Using the records below, give again exactly the lines from the line that contains "Pink and Brown Wallpaper - WallpaperSafari" through the line that contains "Gabani giuseppe 1846", both ends included, and only those.

## [Supplied records]
[Start of section]

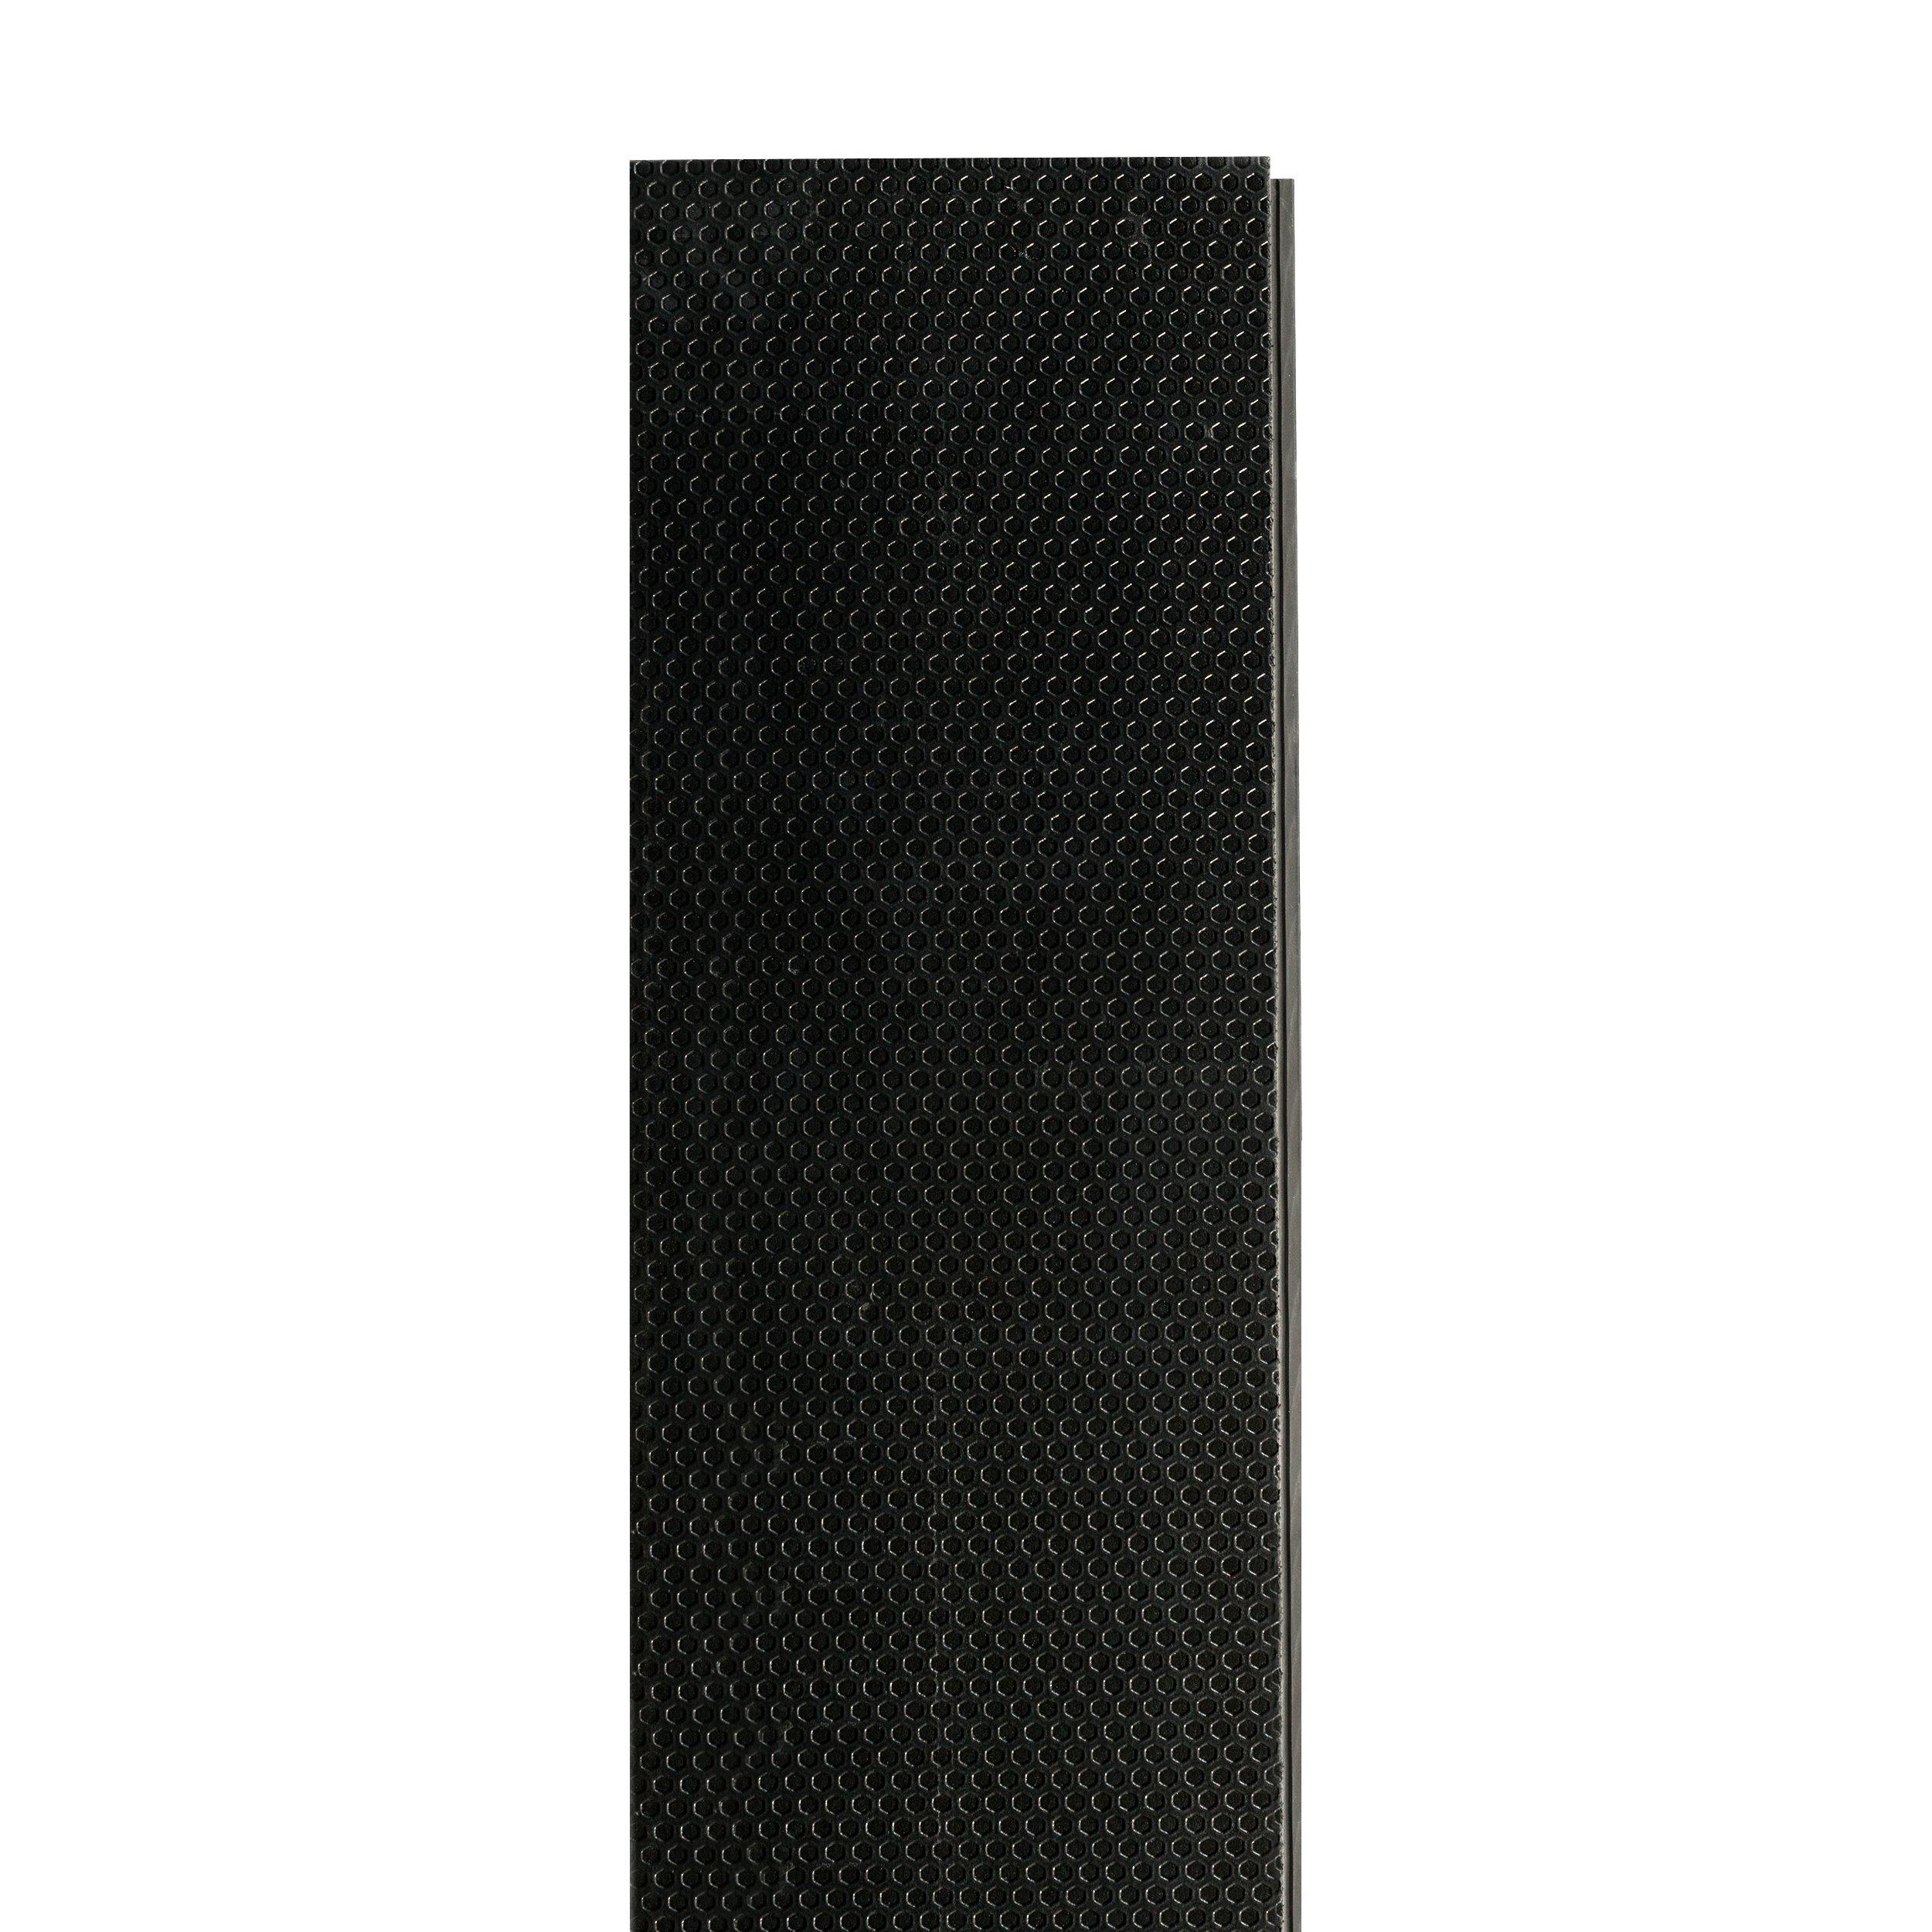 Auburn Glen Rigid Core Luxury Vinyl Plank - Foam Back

[End of section]
[Start of section]

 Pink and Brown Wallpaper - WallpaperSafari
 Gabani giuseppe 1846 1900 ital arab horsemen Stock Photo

[End of section]
[Start of section]

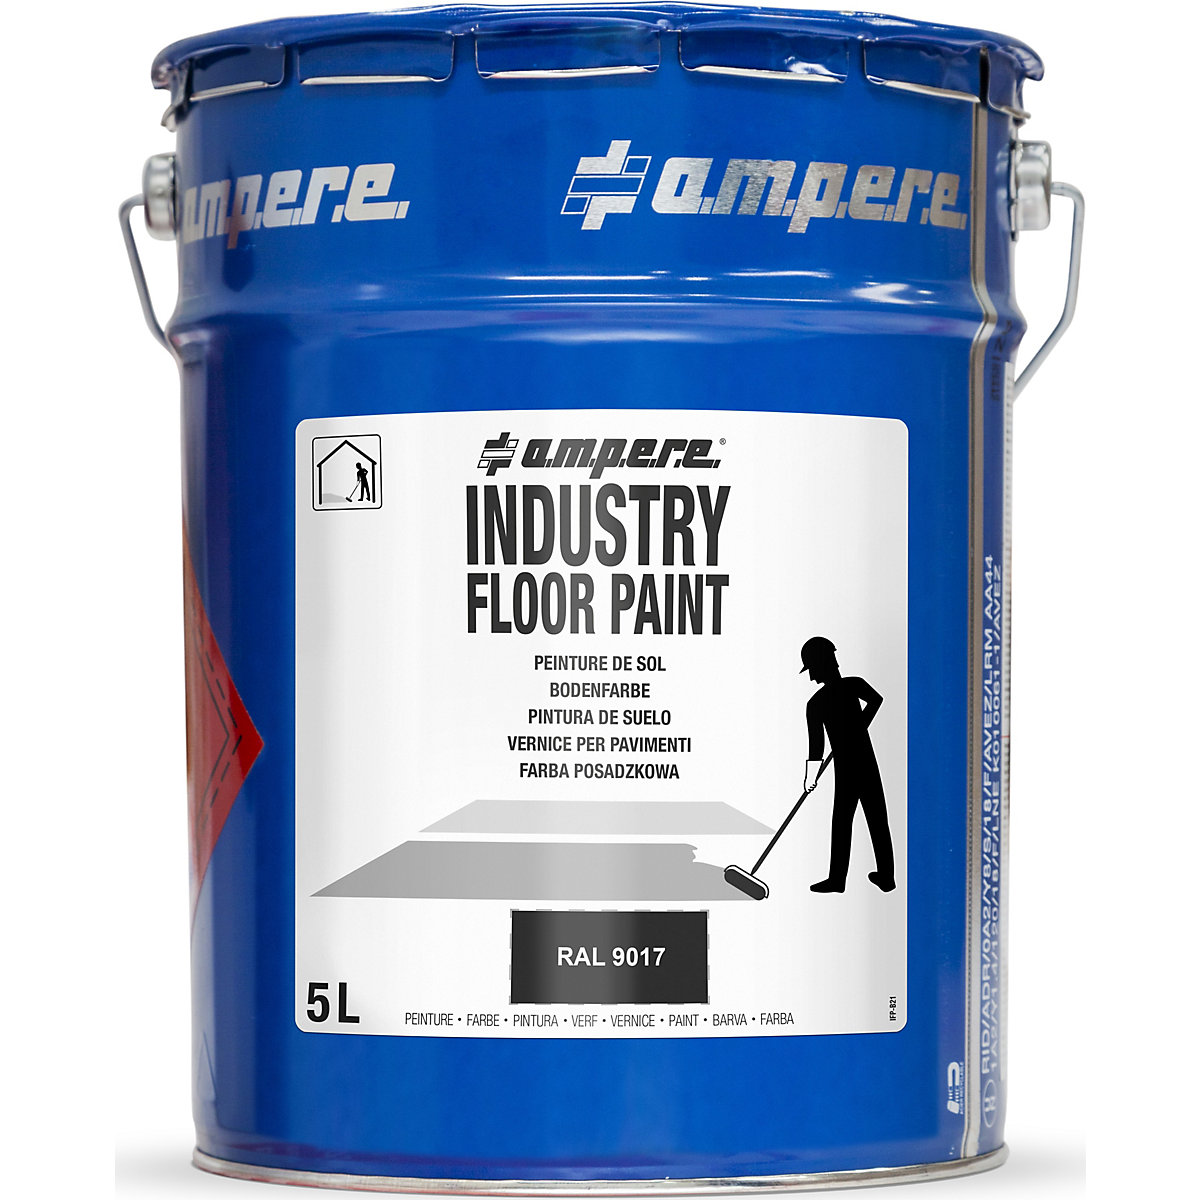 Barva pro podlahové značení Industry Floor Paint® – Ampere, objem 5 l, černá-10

[End of section]

## [Written response]
 Pink and Brown Wallpaper - WallpaperSafari
 Gabani giuseppe 1846 1900 ital arab horsemen Stock Photo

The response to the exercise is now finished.